Information shown START

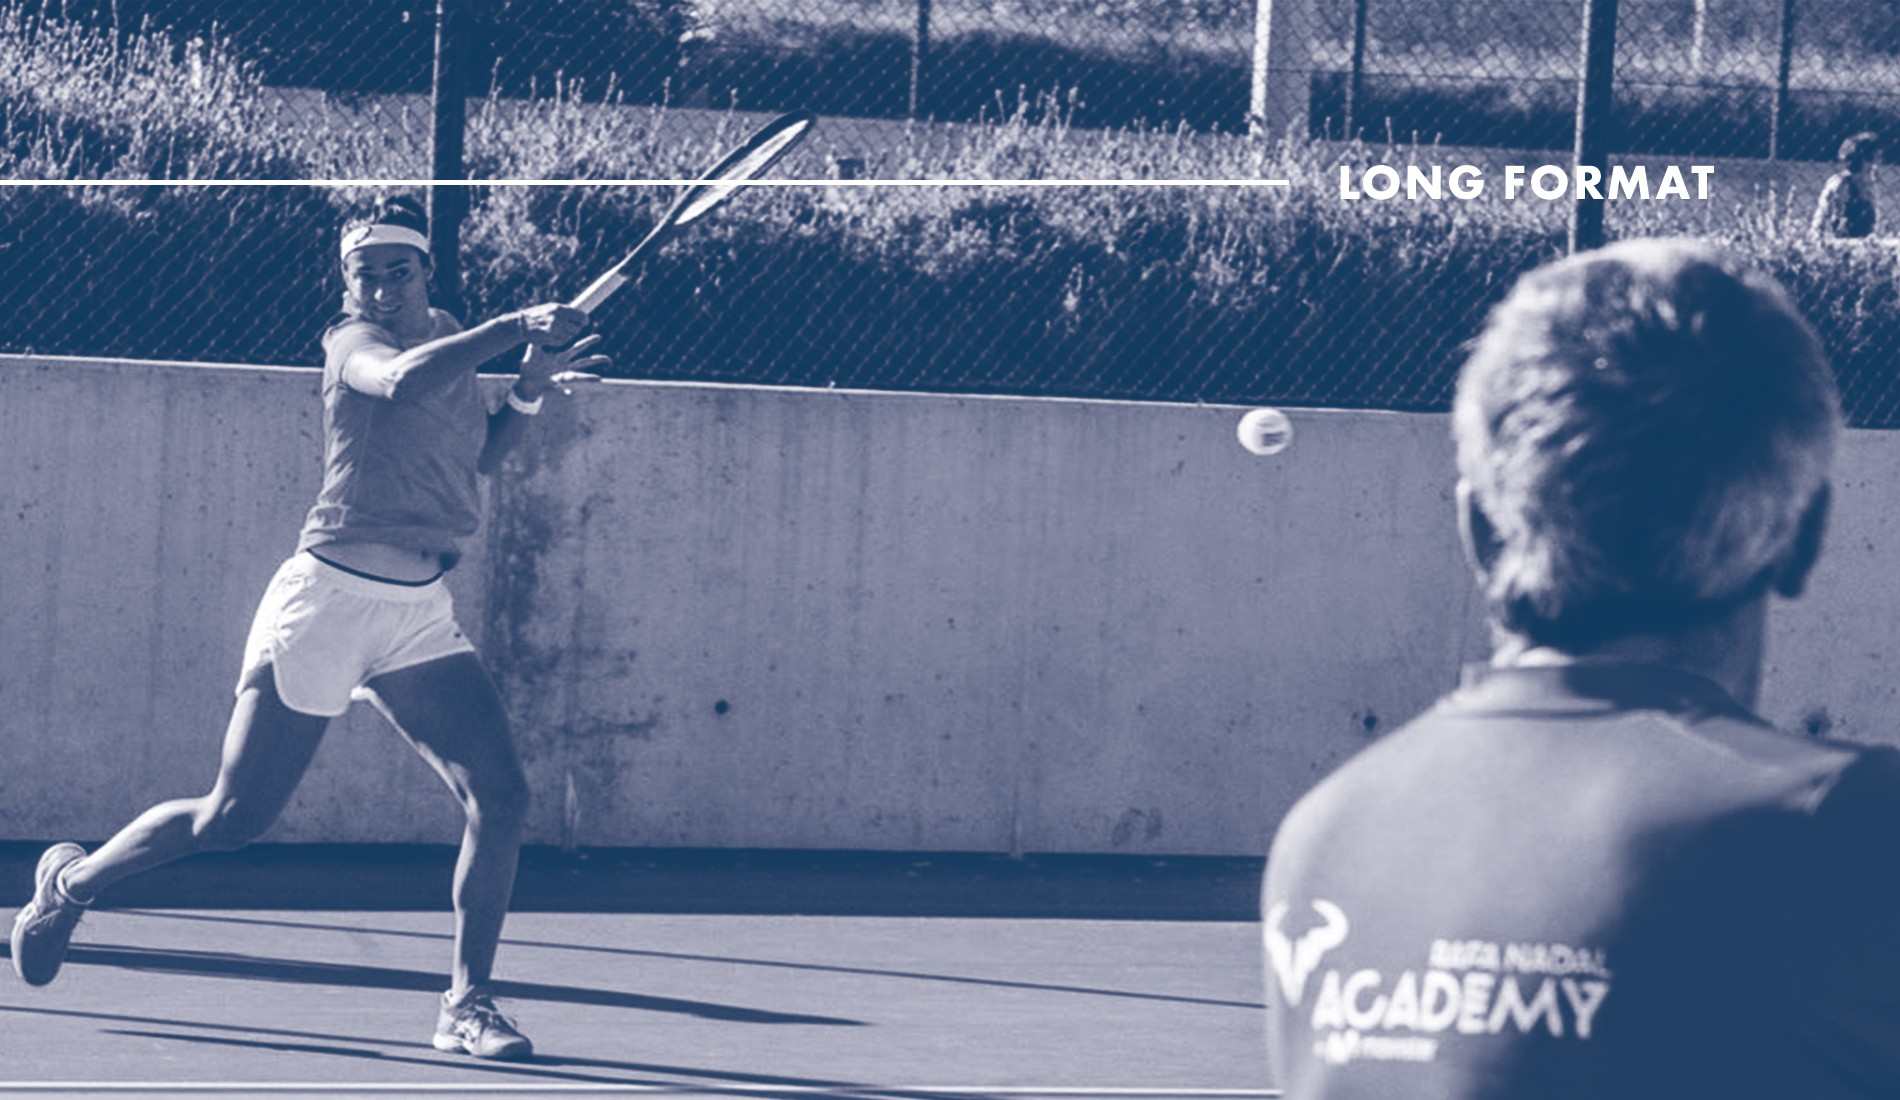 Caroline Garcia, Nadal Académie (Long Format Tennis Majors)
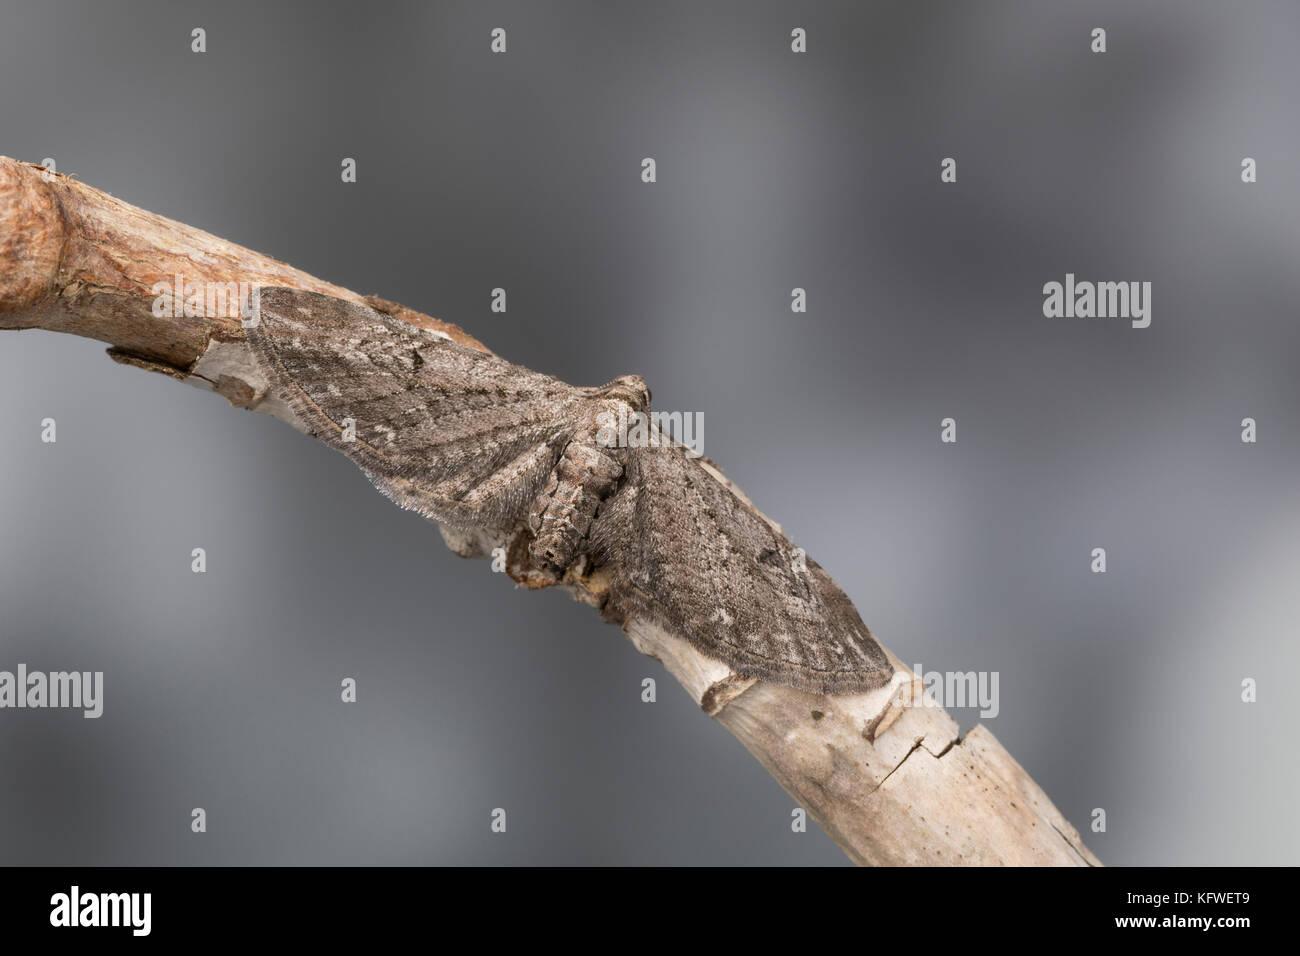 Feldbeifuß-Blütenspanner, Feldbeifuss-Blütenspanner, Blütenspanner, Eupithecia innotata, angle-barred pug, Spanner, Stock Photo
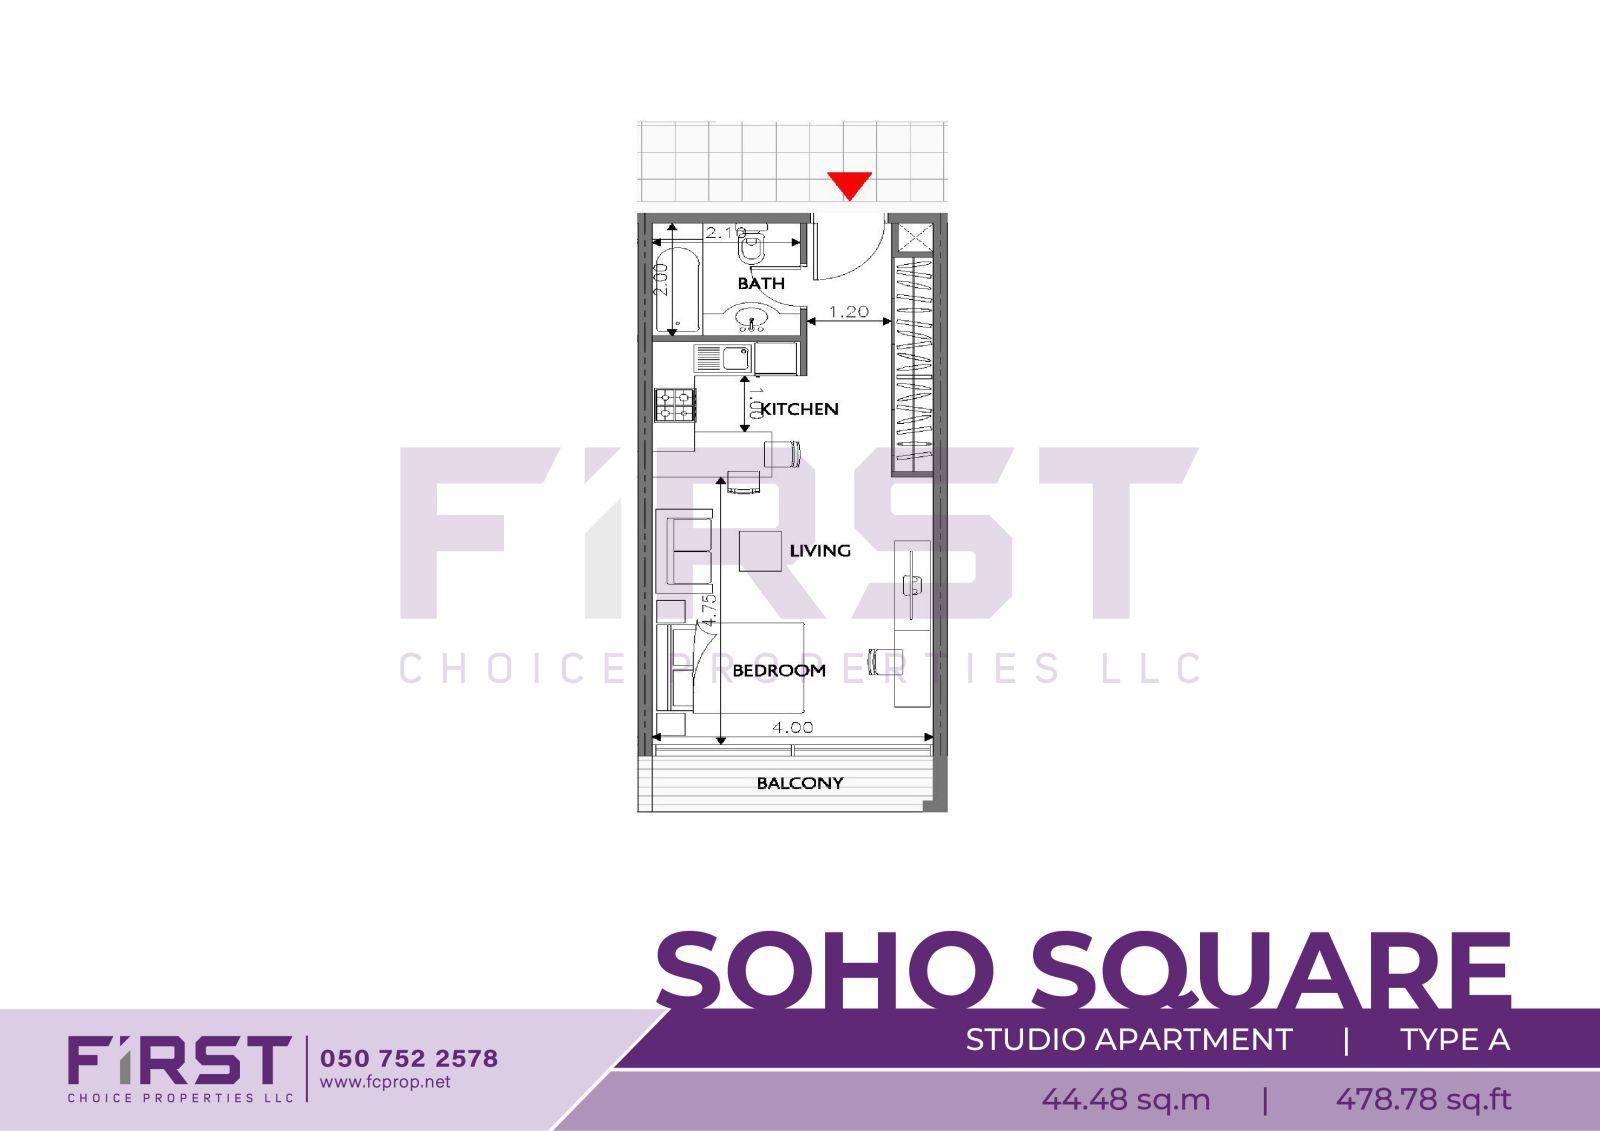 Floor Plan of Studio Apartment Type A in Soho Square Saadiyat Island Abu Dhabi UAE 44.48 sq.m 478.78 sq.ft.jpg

Information shown END

Exercise description :: Go through the data above and transcribe it in full, omitting any image.

Answer section ::
 Caroline Garcia, Nadal Académie (Long Format Tennis Majors)
 Feldbeifuß-Blütenspanner, Feldbeifuss-Blütenspanner, Blütenspanner, Eupithecia innotata, angle-barred pug, Spanner, Stock Photo
 Floor Plan of Studio Apartment Type A in Soho Square Saadiyat Island Abu Dhabi UAE 44.48 sq.m 478.78 sq.ft.jpg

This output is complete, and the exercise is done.